Lithium   is   one   of  the   oldest   and   most  widely   used   drugs   for  the   treatment   of neuropsychiatric  diseases  such  as  bipolar  disorder.  It  has  a  serious  defect  -  toxicity. Researchers  at the University of South  Florida  (USF) have been trying to find  a safer lithium,  and  they  found  that  lithium  salicylate,  an  alternative  salt  form,  may  be  the answer.

Researchers found that oral lithium salicylate can produce stable lithium levels in rats for up  to  48  hours  without  the  toxic  peak  associated  with  the  rapid  absorption  of  FDA approved Li2CO3. They concluded that lithium salicylate may be more effective than  lithium  carbonate,  but  it  will  not  be  accompanied  by  toxicity  risk,  which  is  a potentially important development of the next generation of lithium therapy.

Their results were published in the latest issue of RSC progress, a journal of the Royal Society of chemistry.

Although Li2CO3 is very effective in treating mania in bipolar disorder and is thought to reduce suicide in the depression stage of the disease, patients taking Li2CO3 often do not comply because of side effects, including hand tremor, diarrhea, vomiting, weight gain  and hypothyroidism. New drugs that  are  as effective  as Li2CO3 but have no toxicity have not yet come out.

Dr. Adam J. Smith, the lead author of the study, said: "although the therapeutic window of lithium is very narrow and there are patent substitutes, the lithium therapy approved by FDA in the United States is still regarded as the 'gold standard' for the treatment of manic depression." He is a neuroscientist at the USF health center's center of excellence in neurosurgical aging and brain repair.

"Our   previous   research   shows   that   redesigning   lithium   therapy   through   crystal engineering may produce better performance and reduce toxicity."

Smith said that crystal engineering is the use of intermolecular interactions to design and synthesize molecular solid crystal structures with desired characteristics.

In  their  latest  study,  published  in  RSC  progress,  researchers  tested  two  previously

untested lithium  salts  -  salicylate  and lactate, both  of which  are  structurally  different from Li2CO3. In laboratory rats, they found that lithium salicylate and lithium lactate   showed   "completely   different   pharmacokinetics"   compared   with   the   FDA approved  and  widely  used lithium  carbonate.  Pharmacokinetics  refers  to  the way the human body absorbs, distributes and expels drugs.

"To  our  knowledge,  this  is  the  first  pharmacokinetic  study  of lithium  salicylate  and lithium lactate in laboratory animals," Smith said.

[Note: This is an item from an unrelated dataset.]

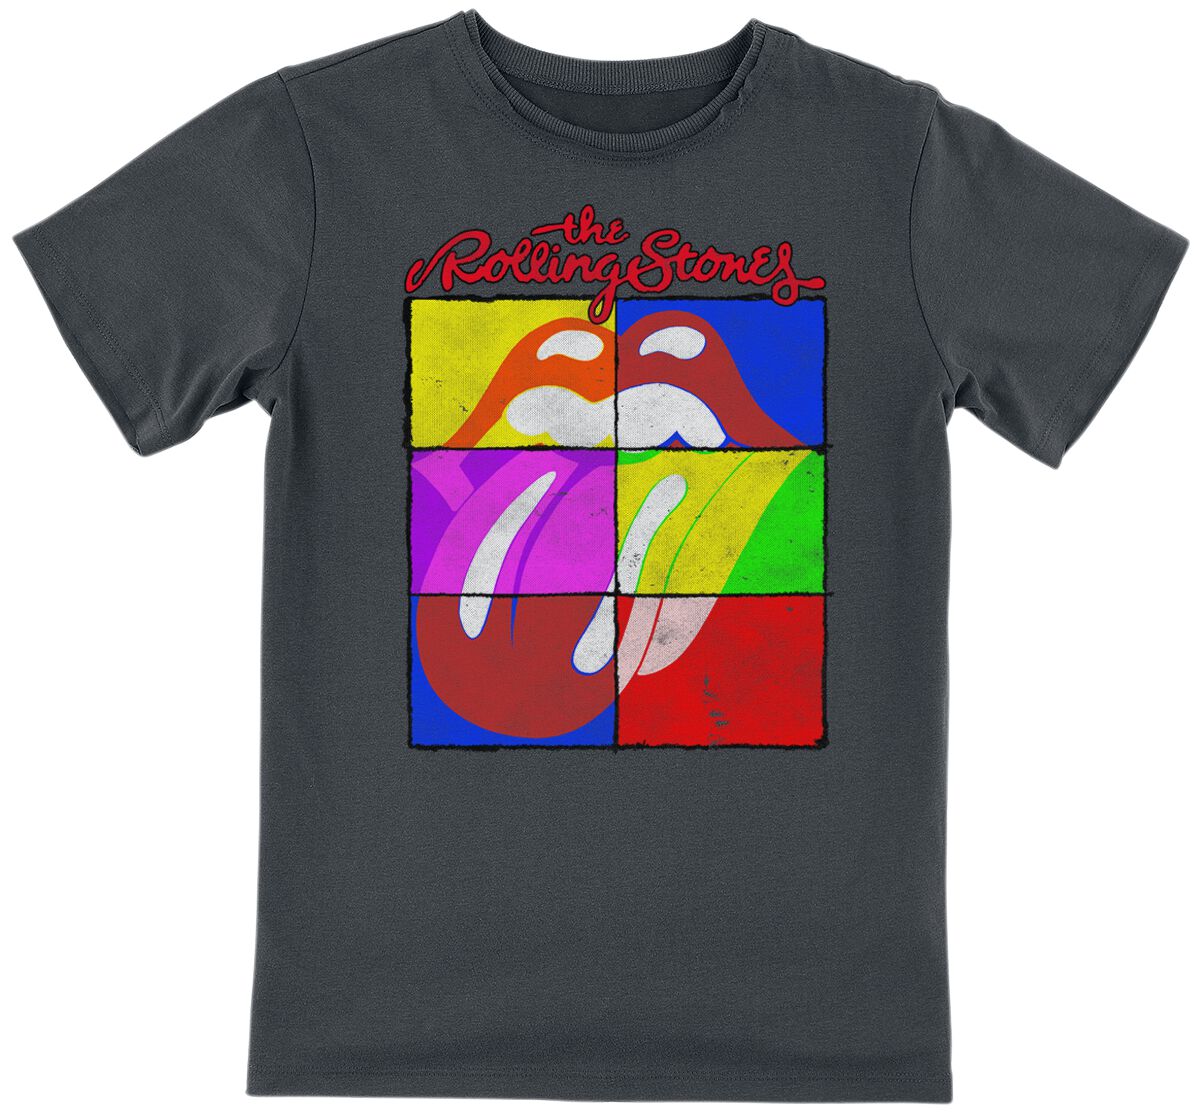 The Rolling Stones T-Shirt für Kinder - Amplified Collection - Kids - Square Tongue - für Mädchen & Jungen - charcoal  - Lizenziertes Merchandise!

The researchers report that these findings support the earlier suggestion that the ideal lithium preparation should be a compound that can both "flatten" the peak of high blood levels and slow down the decline of blood concentration.

"In  our  study,  this  is  exactly  the  pharmacokinetic  characteristic  of lithium  salicylate production,"  said  senior  author  Dr.  Doug  Shyle, who  is  also  a  researcher  at  the  USF center of excellence for healthy aging and brain repair. "It is worth noting that after 48 hours, lithium salicylate produced higher lithium levels in the blood and brain, but there was no sharp peak, leading to the toxicity of lithium currently used."

The  researchers  said  that  the  48  hour  window  period  represented  a  key  difference between lithium salicylate and the current FDA approved lithium therapeutic drugs. If these preclinical results are also established in humans, this will allow less frequent dose regimens  and  may reduce the troublesome  side  effects that plague traditional lithium therapy.

"Psychiatry has long struggled with the fact that although lithium is very effective in the treatment of bipolar disorder, the narrow therapeutic window and side effects often make lithium difficult and sometimes dangerous in clinical work," said Todd Gould, M.D. of the Department of Theology at the University of Maryland, a neurobiology expert on lithium mechanisms and bipolar disorder.

The pharmacokinetic data of Dr. Smith and his colleagues show that in addition to the commonly used Li2CO3, lithium salt may have a wider therapeutic window and fewer potential side effects. Studies in humans are also needed to confirm its safety and to prove that the pharmacokinetic characteristics observed in rats are similar to those observed in humans. "

Researchers  at  the  University  of San  Francisco  continue  to  pursue  a  safer  and  more effective  lithium  therapy  and  expect  to  carry  out  the  required  experiments  soon  to support early clinical trials.